This is new to me. This is “Jane Roe”, Norma McCorvey, describing how she became pro-life:
But a few weeks after my conversion, I was sitting in O.R.’s offices when I noticed a fetal development poster. The progression was so obvious, the eyes were so sweet. It hurt my heart, just looking at them.
I ran outside and finally, it dawned on me. “Norma,” I said to myself, “They’re right.” I had worked with pregnant women for years. I had been through three pregnancies and deliveries myself. I should have known. Yet something in that poster made me lose my breath. I kept seeing the picture of that tiny, 10-week-old embryo, and I said to myself, that’s a baby! It’s as if blinders just fell off my eyes and I suddenly understood the truth–that’s a baby!
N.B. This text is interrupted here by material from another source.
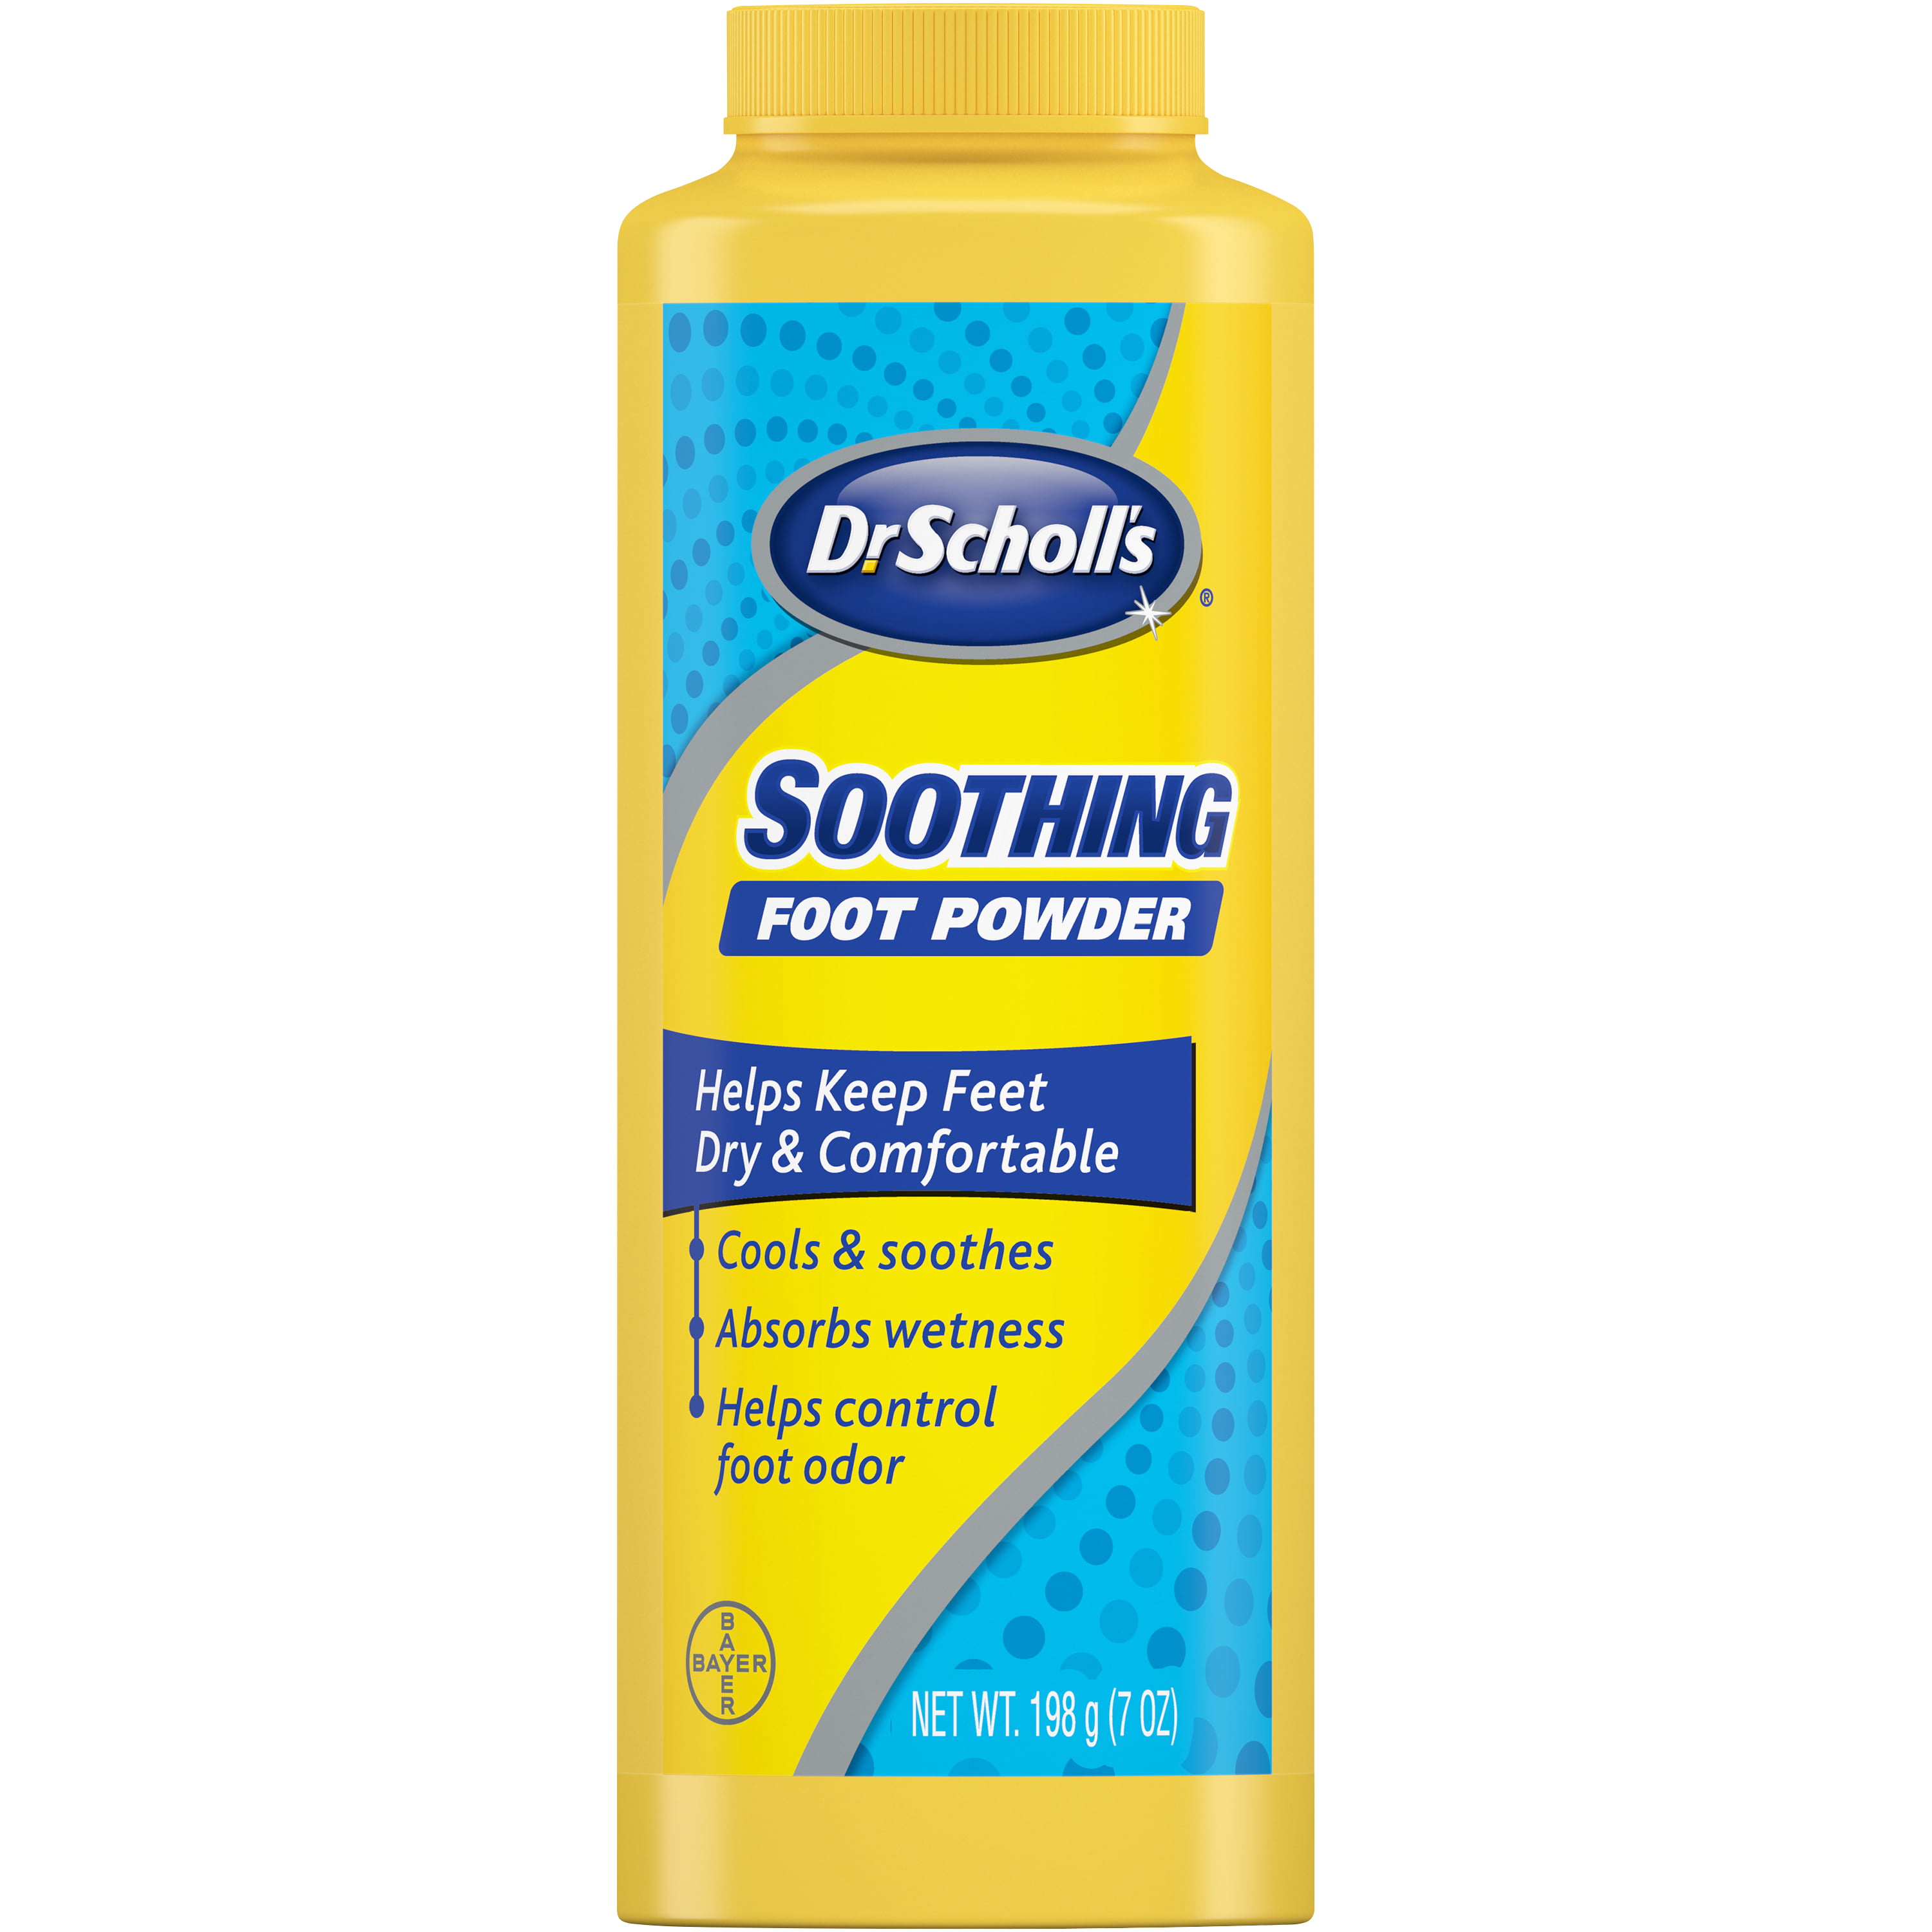 Dr. Scholl's Soothing Foot Powder for 
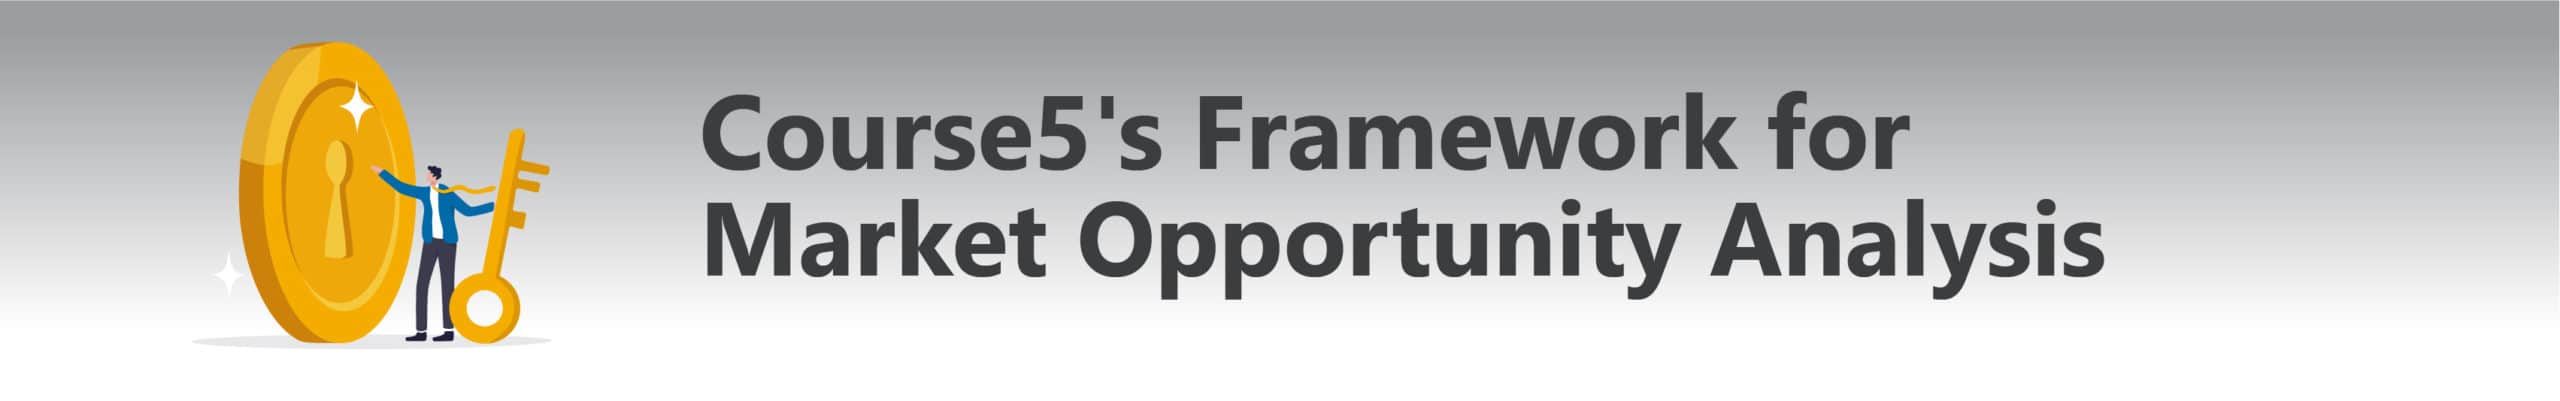 Course5's Framework for Market Opportunity Analysis

This is a profoundly axiological (aesthetic) argument:
Such studies are few. In general, abortion providers have censored their own emotional trauma out of concern to protect abortion rights. In 2008, however, abortionist Lisa Harris endeavored to begin “breaking the silence” in the pages of the journal Reproductive Health Matters. When she herself was 18 weeks pregnant, Dr. Harris performed a D&E abortion on an 18-week-old fetus. Harris felt her own child kick precisely at the moment that she ripped a fetal leg off with her forceps:
Instantly, tears were streaming from my eyes—without me—meaning my conscious brain—even being aware of what was going on. I felt as if my response had come entirely from my body, bypassing my usual cognitive processing completely. A message seemed to travel from my hand and my uterus to my tear ducts. It was an overwhelming feeling—a brutally visceral response—heartfelt and unmediated by my training or my feminist pro-choice politics. It was one of the more raw moments in my life.